Exercise:
Every line of the material below should be output exactly as written, with the images skipped.
Start of Given material
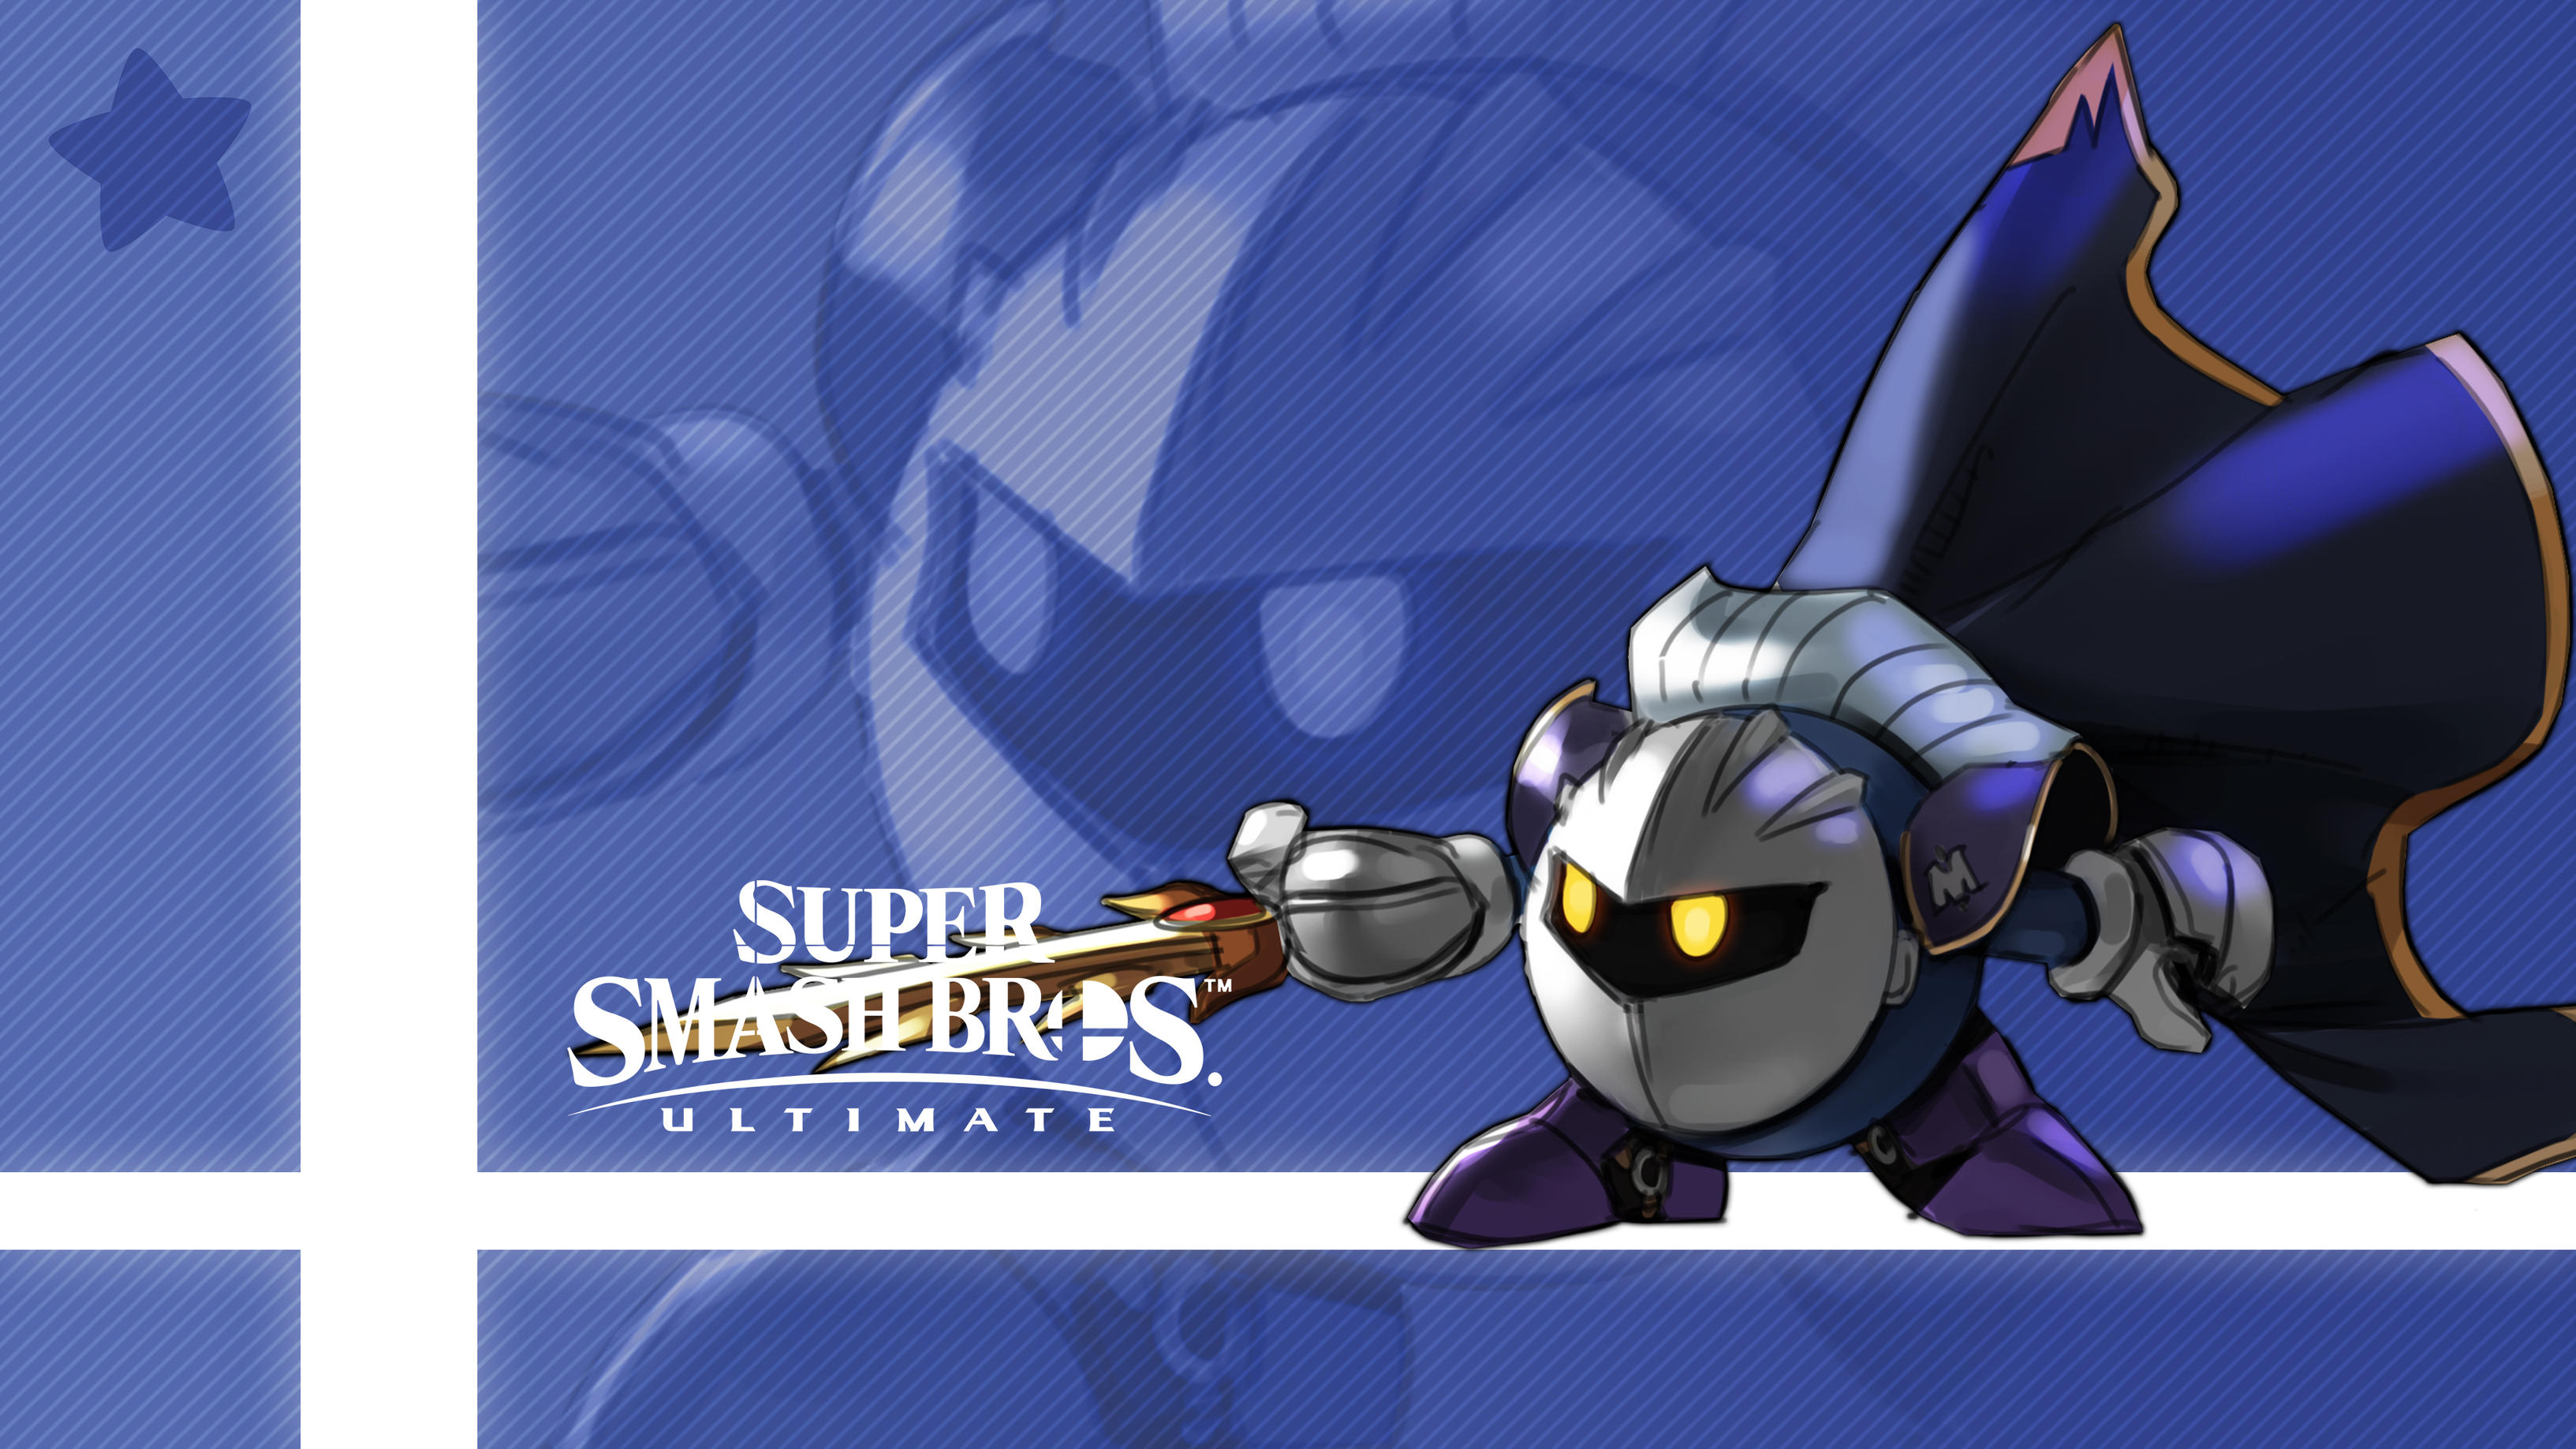 Meta Knight In Super Smash Bros. Ultimate by Callum Nakajima
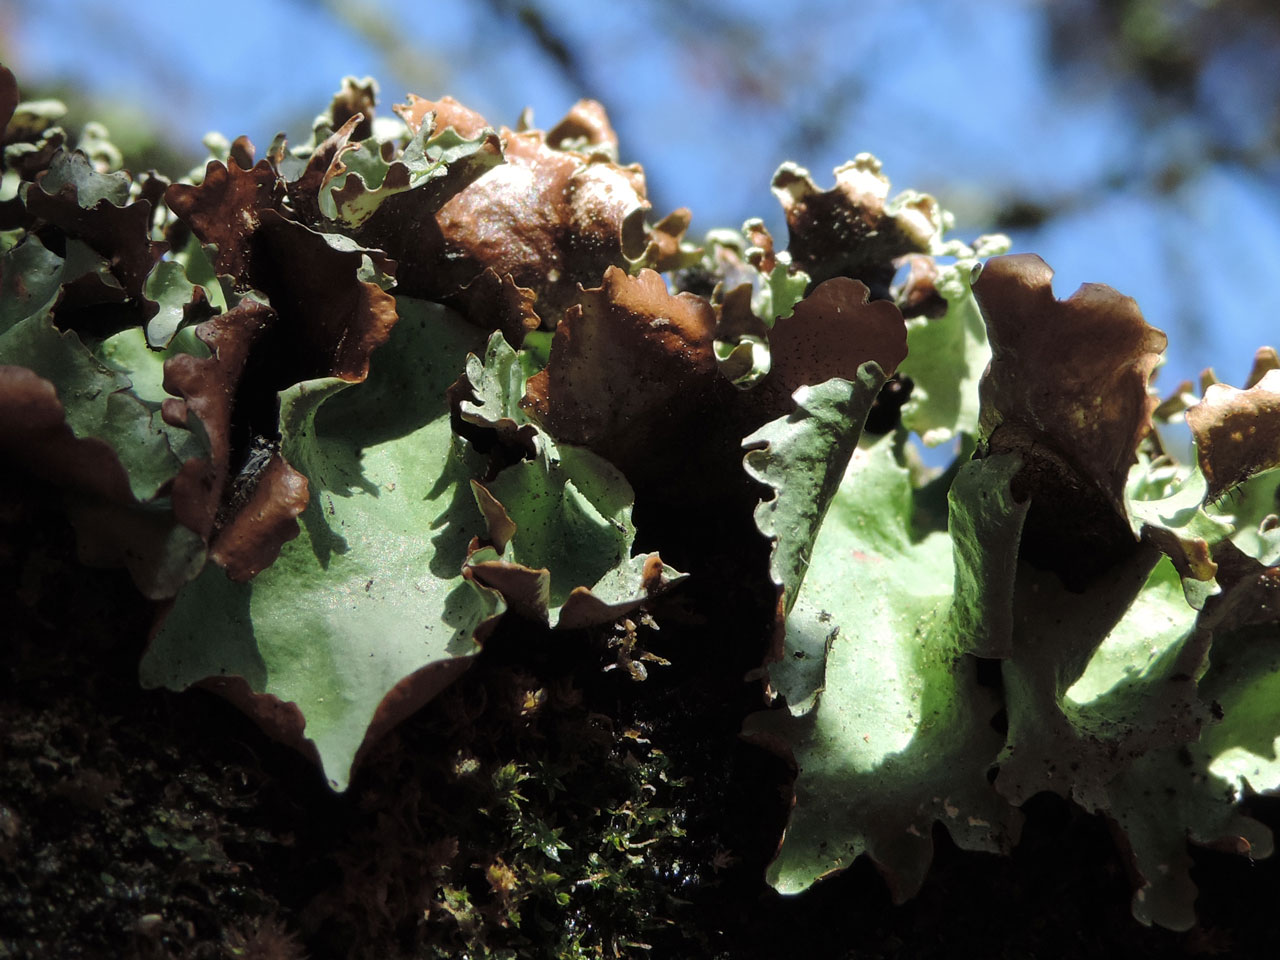 Parmotrema pseudoreticulatum, thallus underside, Beech twig, Mark Ash Wood, New Forest
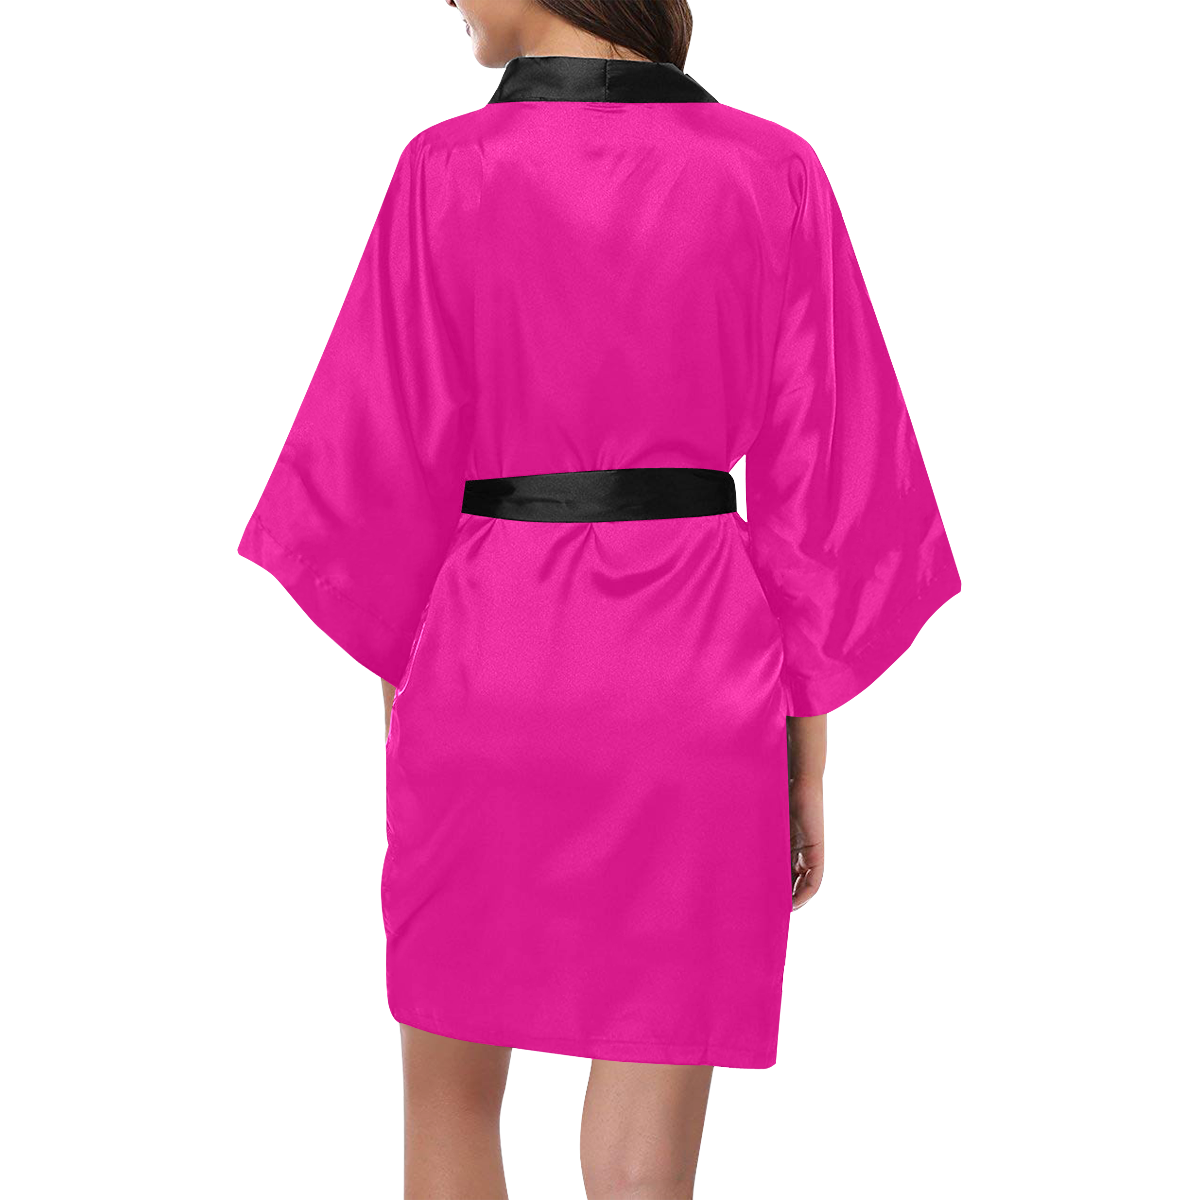 fuscia hot pink with black belt Kimono Robe
End of Given material
Output for this task:
 Meta Knight In Super Smash Bros. Ultimate by Callum Nakajima
 Parmotrema pseudoreticulatum, thallus underside, Beech twig, Mark Ash Wood, New Forest
 fuscia hot pink with black belt Kimono Robe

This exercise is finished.